Литмир - Электронная Библиотека
A
A

– В твоем положении, папаша, следует заботиться о душе, а не о плотских утехах, – ухмыльнулась Ампелида. – Призови к себе судей. Покайся. Попроси прощения у богов, которыми ты прежде пренебрегал. Помирись со всеми, кого обличал в яростных спорах.
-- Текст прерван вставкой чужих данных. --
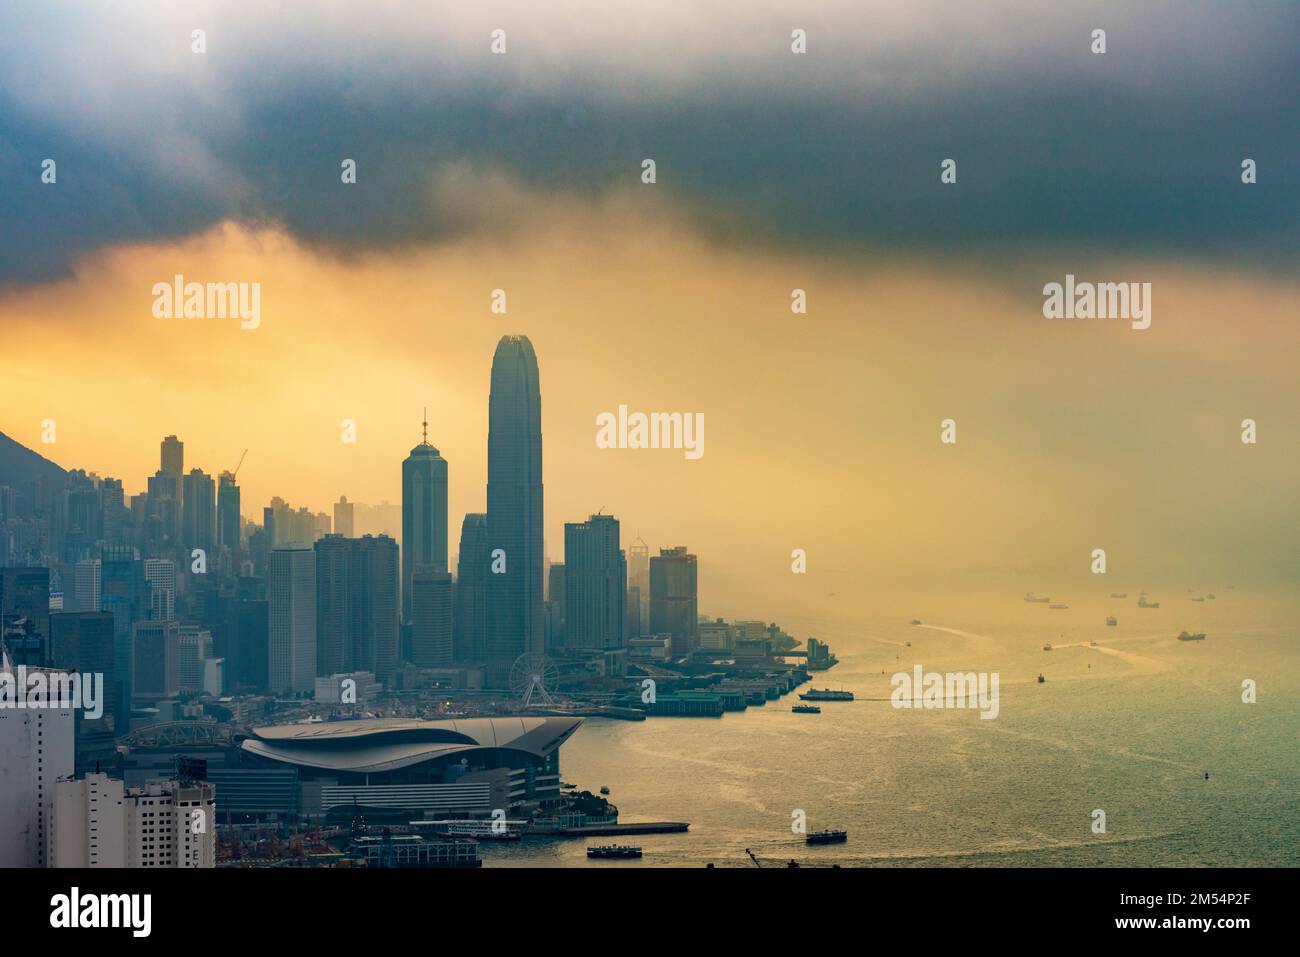 An approaching storm combines with smog to shroud the Hong Kong Island skyline, 2016 Stock Photo

– Каждому свое. Душа моя бессмертна. Судьи меня не простят. Боги, наоборот, уже давно простили. Что касается спорщиков, о которых ты говоришь, то им недоступны разумные доводы. Они привыкли слушать только самих себя. Их пустой болтовни я вкусил с избытком. Зато наслаждаться столь пышным телом мне приходилось не столь уж часто, – старик погладил Ампелиду по голой ляжке.

– Сам виноват. Надо было брать в жены красавицу вроде меня, а не эту стерву Ксантиппу. Ни рожи ни кожи, а туда же… Приличным людям проходу не дает. И как ты только терпишь ее столько лет!

– Жизнь с Ксантиппой стала для меня очень хорошей школой. Научившись ладить с ней, я смогу теперь поладить с самым кровожадным разбойником.

– А знаешь, что она вчера заявила на рынке? – подхватилась девица. – Это с ума сойти! Будто бы ты специально добивался смертного приговора, дабы оставить ее вдовой, а детей сиротами. Уел ее, значит.

– Ксантиппа баба вздорная, но не лишенная проницательности, – сказал старик спокойно. – В ее словах всегда есть доля истины, как в фальшивой монете всегда присутствует толика серебра.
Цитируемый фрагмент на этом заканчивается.